What makes these projects so complex?

"You have to think about technology and people," he said. "We don't have control over timing and that makes it more complex. When you buy and sell you are at the whim of the business, the selling company, the regulators, and an unknown time frame. We have a lot to consider, and we don't have a lot of control over any element of it."

The Citrix business combination was probably the biggest that Pitt has worked on, adding 1,800 people to the organization. In that kind of deal, the organizations make a decision about which company is bringing the best technology to the merged entity. During the process of buying the company the IT organization will examine why the purchase is being made, how the target company operates, how their production works, what are their core systems, and "is their solution better than something we typically have," according to Pitt.

After so many acquisitions, Pitt and his IT organization have gotten pretty good at anticipating the speed bumps that it may encounter during these processes.

"There's always something that gets missed in due diligence, given the speed of how we run," Pitt said. Those could be taking into account a new region where LogMeIn hasn't sold or operated before, or maybe a new industry segment. It could be how the acquired company prefers to run an office, or an industry regulation that LogMeIn hadn't yet encountered.

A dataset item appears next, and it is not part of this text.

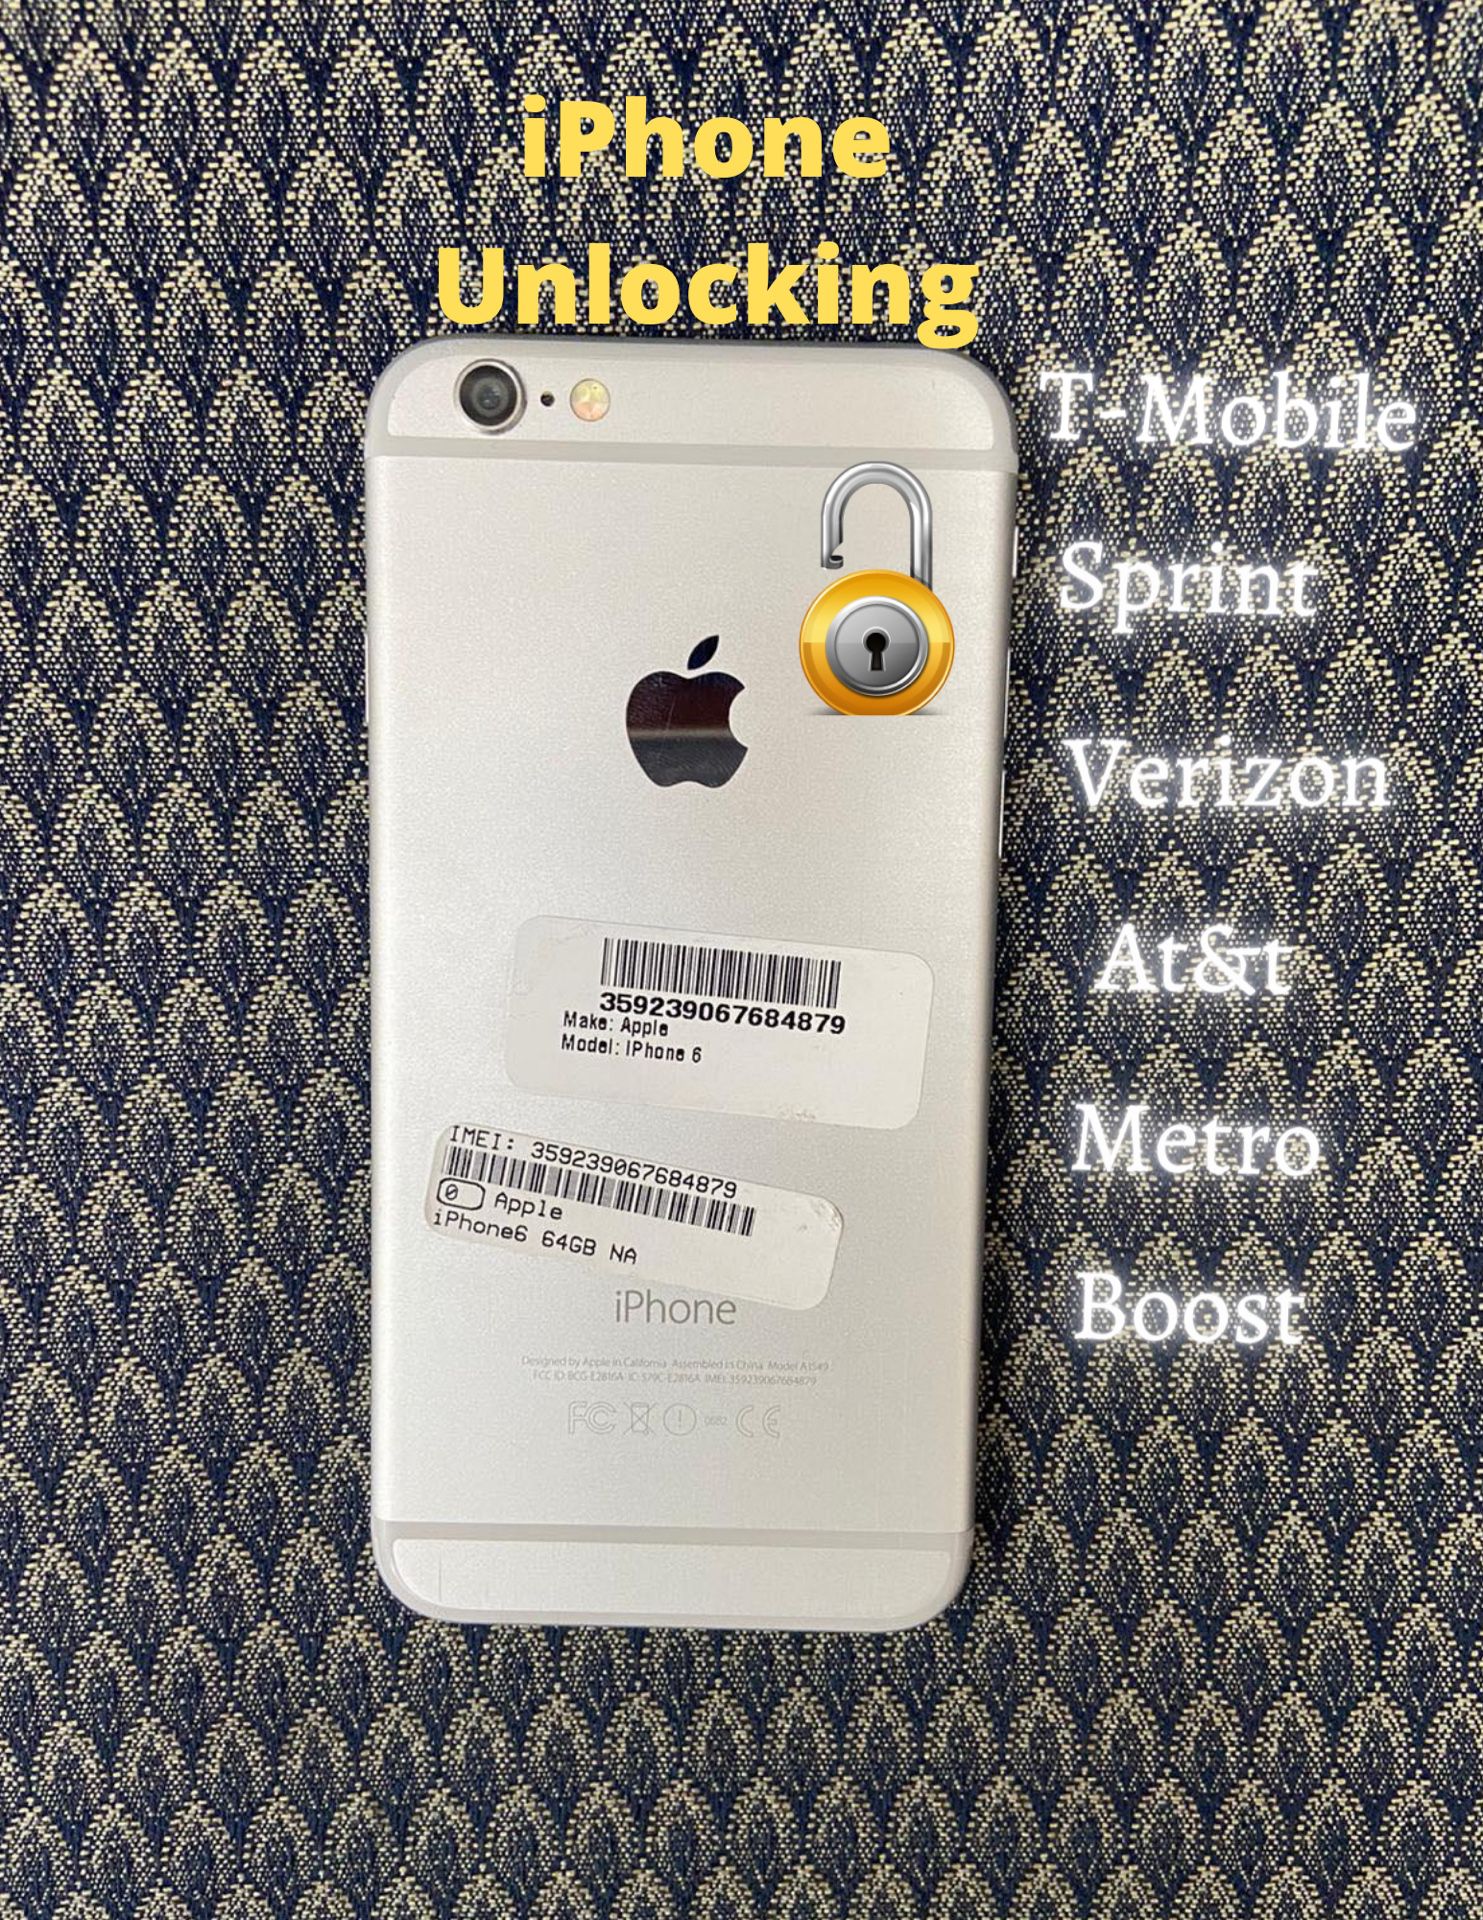 iPhone Unlocking

On the flip side of that, divesting means that you have to move from a customer to a supplier mindset.

"Rather than defining how things will run, you are now subservient to the buyer's acquisition process," Pitt said. "You are handing over control."

Among the tasks are making sure the remaining part of the company is secure and operational and carving out groups of users. These deals involve transient service agreements (TSAs) that define how the selling company will continue to run certain systems until all the systems and data and people can be transferred out.

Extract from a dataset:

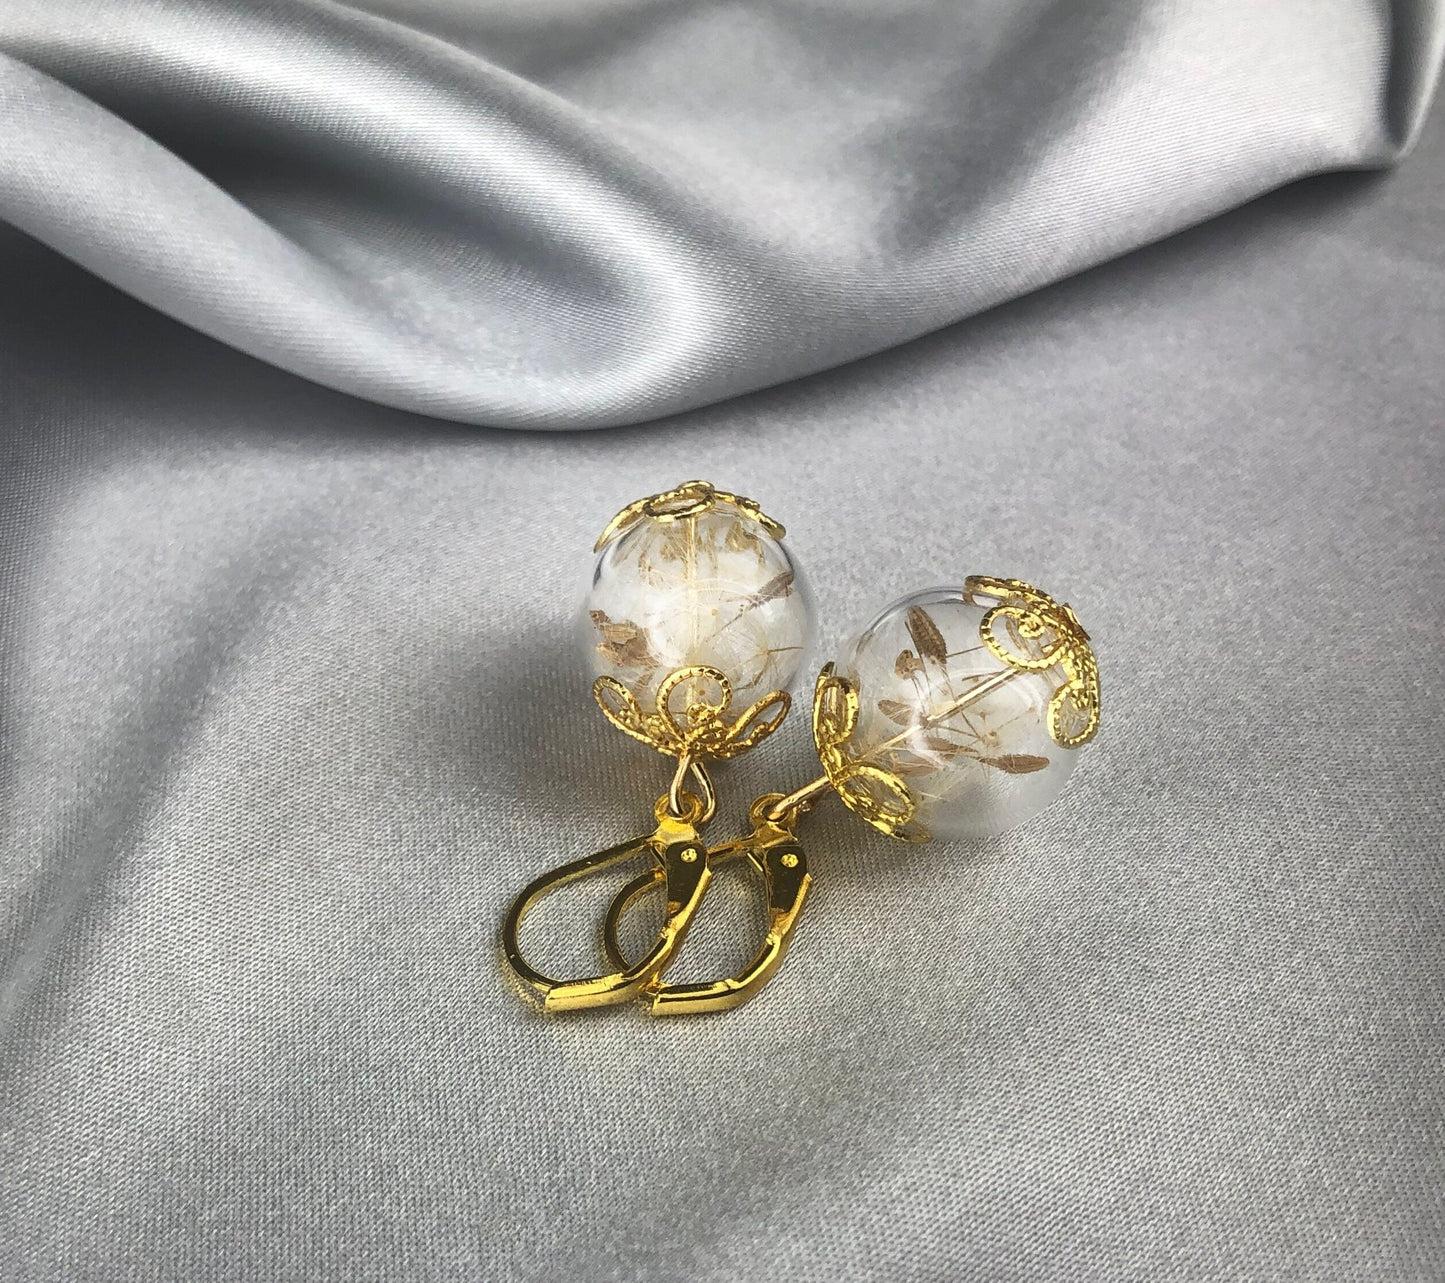 Real Pust Flowers Earrings - Golden Earrings with Dandelion Seeds - vinohr-71

"We now have to maintain integrity for our own organization and the third party," Pitt said. "That becomes a burden on the team, but it helps us strengthen the operations as well."

What's the key to a successful separation?

"The art of getting a good divestiture is doing it as fast as possible," Pitt said.

For any of these projects -- whether you are merging, divesting, or acquiring, Pitt advises fellow CIOs to engage in their standard CIO behavior, which he defines as, "Communicate, communicate, communicate."

Beyond that, consider creating an integration management office that focuses on the project. This office is built from across the organization pulling in engineers, salespeople, IP pros, finance, and HR. Pitt has designated people he sends to be a part of that team during such projects.

"Don't do it as a side job," Pitt said. "In some smaller acquisitions that may make sense, but an integration management office is a great model that we've used in the past."

It's important to get the integration of the companies right.

"During an acquisition we all have our day jobs to do as well, but a bad integration can sink both organizations."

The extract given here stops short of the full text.